California gubernatorial hopeful Eric Swalwell once penned a graphic, sex-charged college poem boasting of lovers “kissing till veins imploded and exploded” — with “blood rolled down our chins,” according to a report.
The Democrat, now running for governor, wrote the eyebrow-raising piece when he was a 19-year-old student enrolled at Campbell University, where he contributed to the literary magazine “The Lyricist” and also penned a column for the student newspaper, according to Daily Mail.
The poem, titled “Hungover From Burgundy,” describes two partners meeting atop a hotel before having “formless and magnificent” sex in a “flurry of limbs and nails,” with the narrator appearing to relish being bitten.
“While I screamed / She bent her lips to mine,” the passage reads, adding the pair kept kissing “till veins imploded and exploded … For bounded mouths cannot speak of parting.”
“And there beauty was, formless and magnificent — a flurry of limbs and nails. She chased and I ran, I chased and she ran,” Swalwell wrote in the poem.
“Atop my hotel she stopped, and I lept for cloth and tan, my anxious arm she bit — my scar is beautiful.”
Swalwell continued: “While I screamed, she bent her lips to mine. Kissing till veins imploded and exploded, till blood rolled down our chins, for bounded mouths cannot speak of parting.”
“In the morning, I awoke beside beauty’s shadow — her form sloppy and her legs pale. My scar lost, my lips cracked and dry. And we groaned simultaneously.”
A spokesman brushed off the decades-old writing as youthful embarrassment in a statement to the Daily Mail, joking: “If you think Eric’s poetry at 18 was bad, you should see his diary entries from when he was 12.”
As a college sophomore, Swalwell also penned commentary that critics say expressed sympathy for convicted “cop killers,” including Mumia Abu-Jamal and Leonard Peltier — two of the most controversial criminal cases of the past half-century, according to the Daily Mail.
Abu-Jamal was convicted in the 1981 murder of a Philadelphia police officer, while Peltier was found guilty in the 1975 killing of two FBI agents.
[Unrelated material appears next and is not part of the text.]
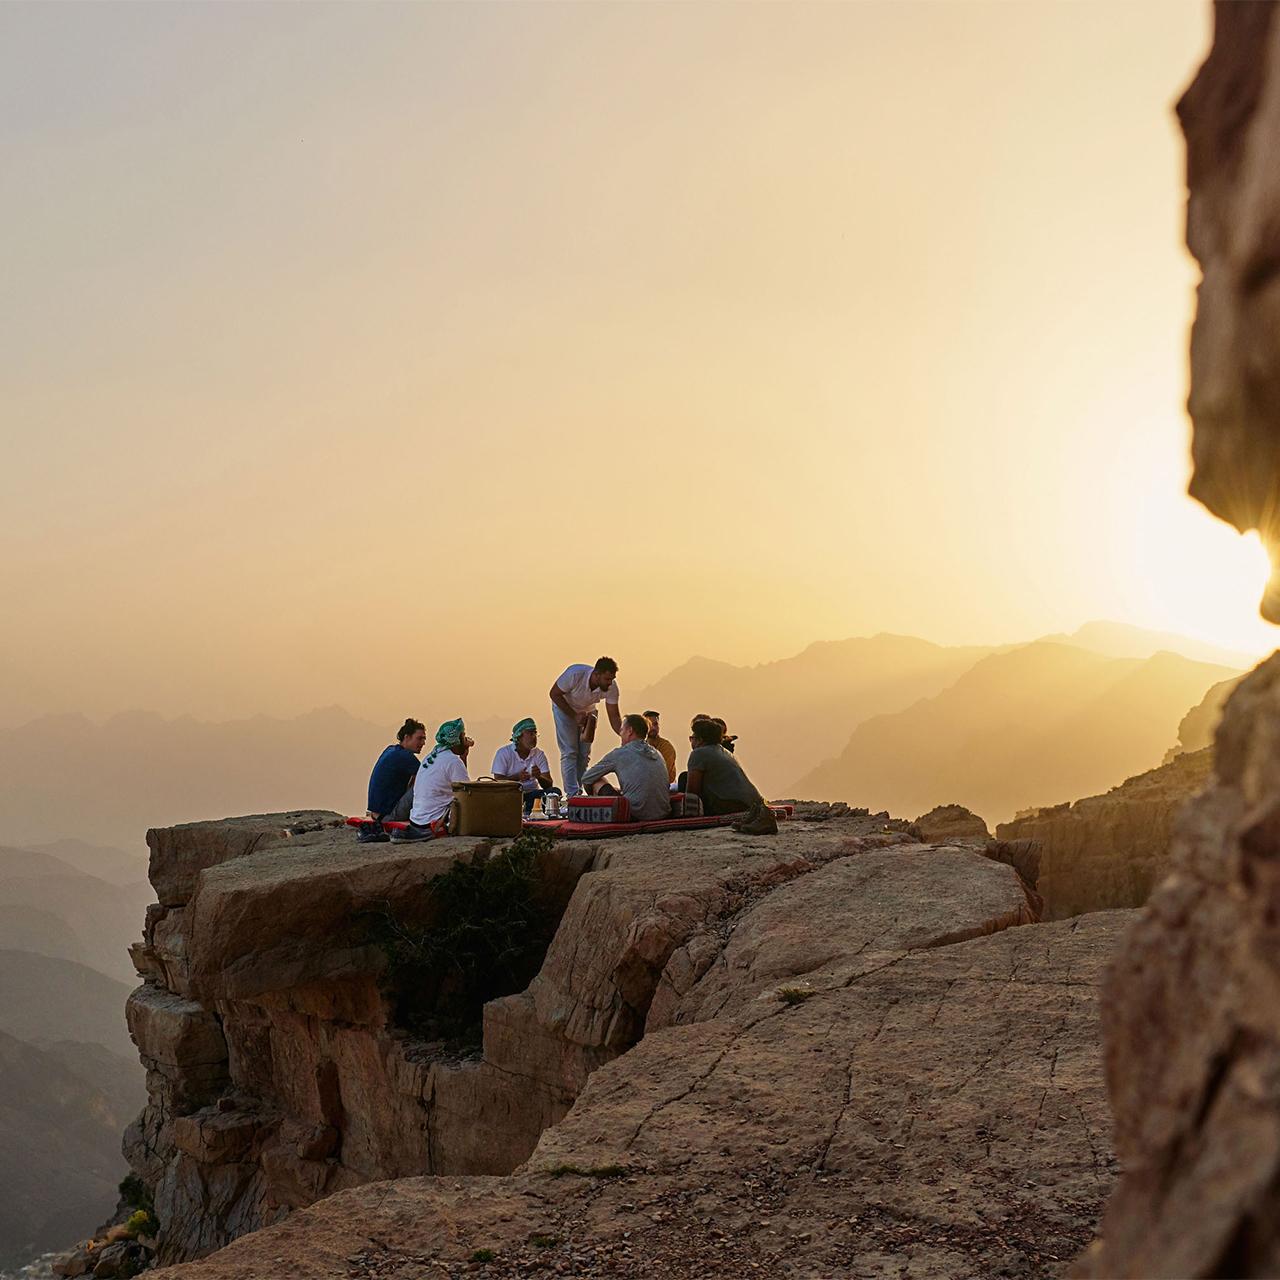 mountain dinner in a desert in Oman
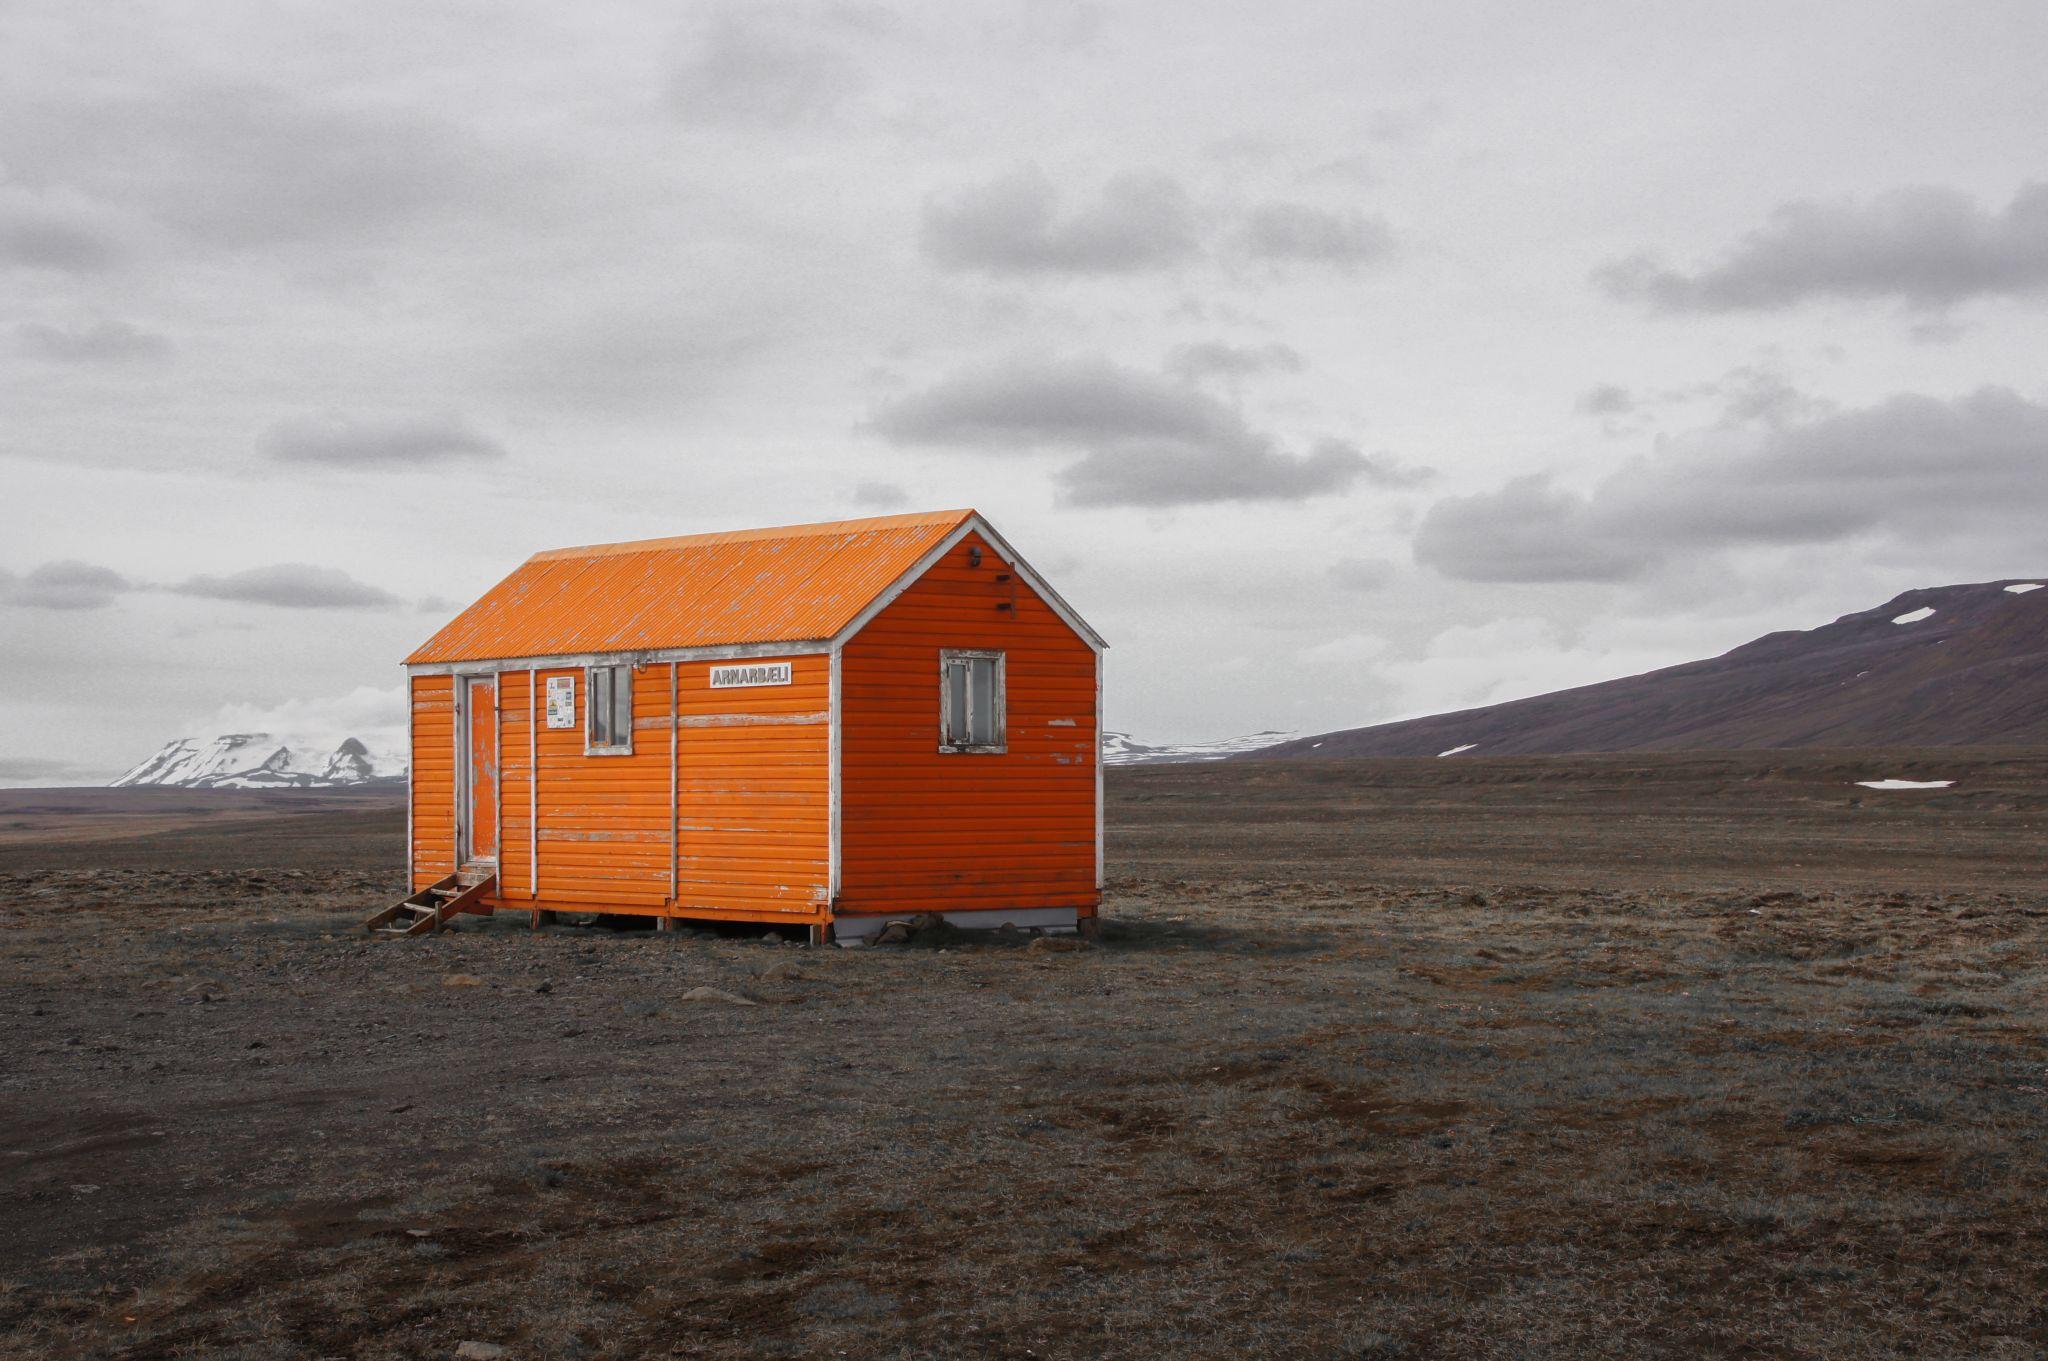 Arnarbaeli Rescue Hut, Iceland

Both cases have long drawn support from activists who argue they were politically prosecuted — but remain lightning rods in law enforcement circles.
The writings are now resurfacing as Swalwell, a former prosecutor who once led a hate crimes unit, seeks the governor’s mansion — prompting opponents to question how his youthful rhetoric squares with his later role in the criminal justice system.
Swalwell’s college writings aren’t the only controversy shadowing his bid for higher office.
Between 2011 and 2015, Swalwell had contact with Christine Fang — also known as Fang Fang — a woman later identified by US intelligence officials as a suspected Chinese operative who cultivated relationships with local and national politicians.
Fang helped raise funds for Swalwell’s 2014 re-election campaign and assisted in placing an intern in his congressional office, according to reporting at the time.
In 2015, federal investigators gave Swalwell a defensive briefing about Fang’s suspected ties to China’s Ministry of State Security, after which he cut off contact with her.
Swalwell was not accused of wrongdoing, and a House Ethics Committee investigation concluded in 2023 without taking action, though he was later removed from the House Intelligence Committee by then-Speaker Kevin McCarthy, who cited national security concerns.
The Post has sought comment from Swalwell.